Сжатость и разжатость – не две «стороны» целостности, не два её «аспекта» и вообще не что-то, что могло бы быть субъектно отличаемо одно от другого. Напротив, субъектное различие возможно только благодаря этому то же иначе целостности – её сжатости (Я) и её разжатости (развёртка целостности – та интуиция целостности, которая может быть развёрнуто представлена как пространственная, как было показано выше). Сжимание и разжимание целостности, таким образом, – не что-то иное, нежели сама целостность. Поэтому «свёрнутость-развёрнутость» – не более чем другое наименование для целостности.

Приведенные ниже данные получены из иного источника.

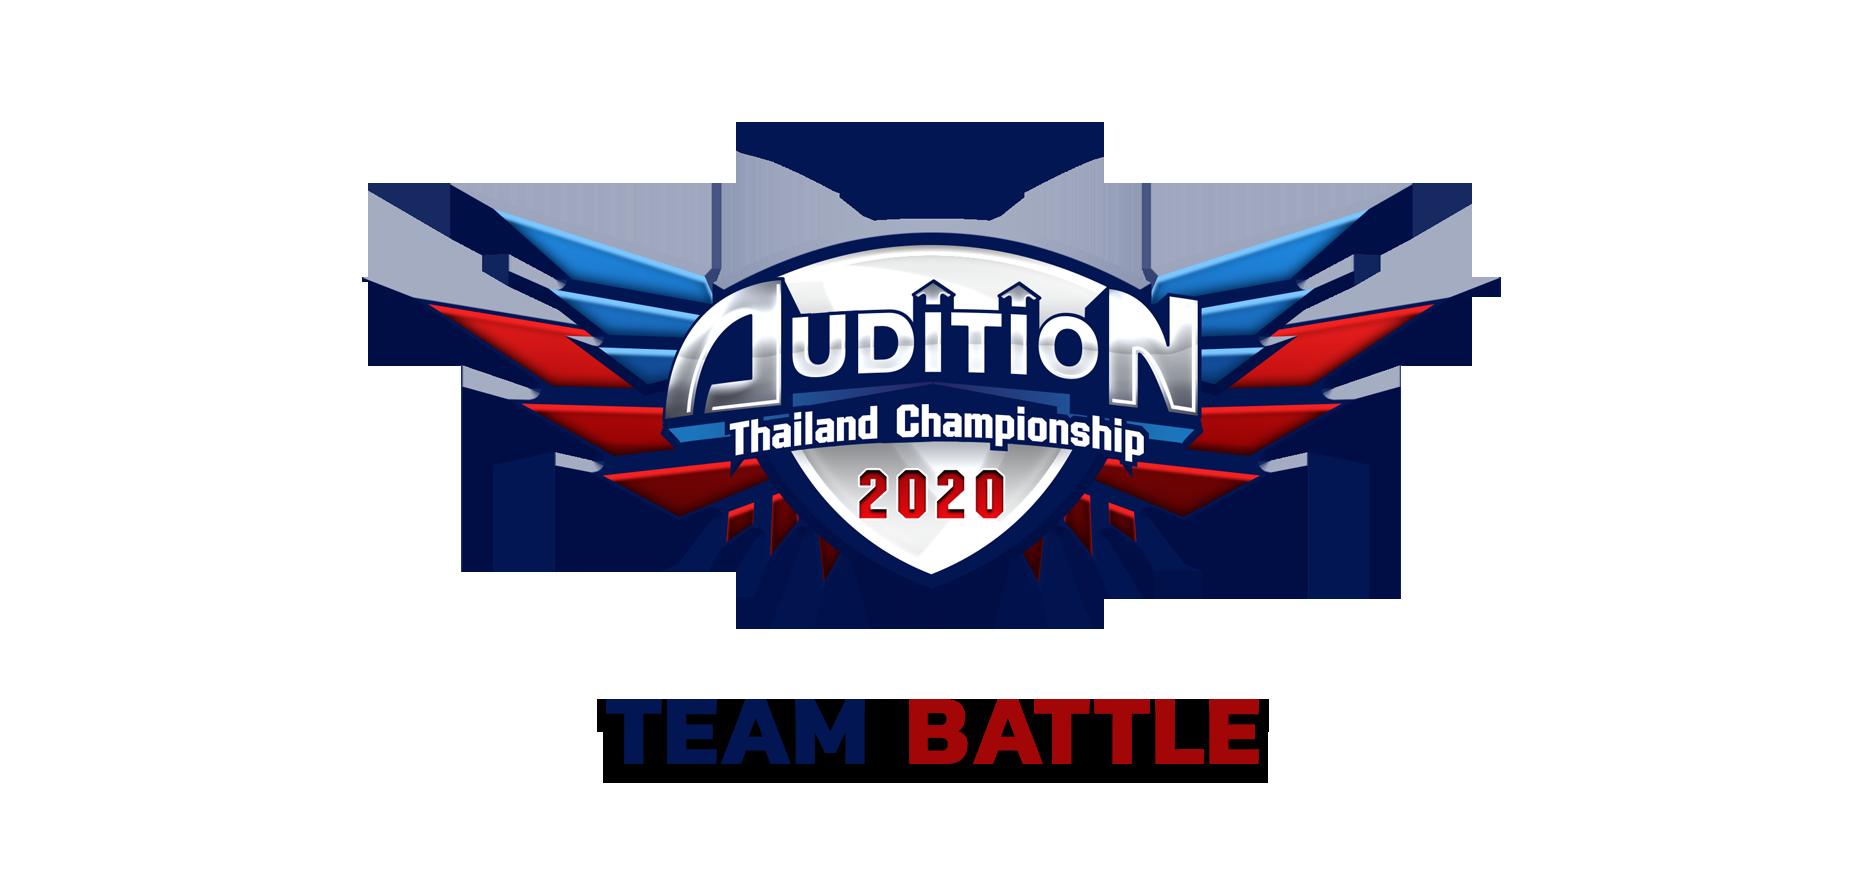 [ATC2020] AUDITION THAILAND CHAMPIONSHIP 2020

Вернёмся к описанной пространственной развёртке целостности. Ничем, кроме свойств самой целостности, не объясняется то, что будет сказано сейчас и о чём, собственно, все знают почти две с половиной тысячи лет: самоочевидность трёх Аристотелевых законов (тождества, противоречия и исключённого третьего), немыслимость их несоблюдения. И эта очевидность, и эта немыслимость обеспечены только и исключительно целостностью в том варианте её представленности, о котором шла речь. Формулируя эти законы, записывая их в виде развёрнутого высказывания, мы разжимаем то, что сжато в целостности, и берём в каждом из них лишь часть, лишь аспект того, что имеется в ней в сжатой форме. Эти три закона не просто выстраиваются в цепочку, один за другим. Они образуют систему, они взаимосвязаны так, что нарушение одного из них делает недействительными и другие. Если не работает закон тождества, то не имеют смысла законы противоречия и исключённого третьего: они оборачиваются бессмыслицей, беспредельность которой исследовали софисты. Если неверен закон противоречия, не сработает закон исключённого третьего, и закон тождества также не будет верен. То же и для закона исключённого третьего.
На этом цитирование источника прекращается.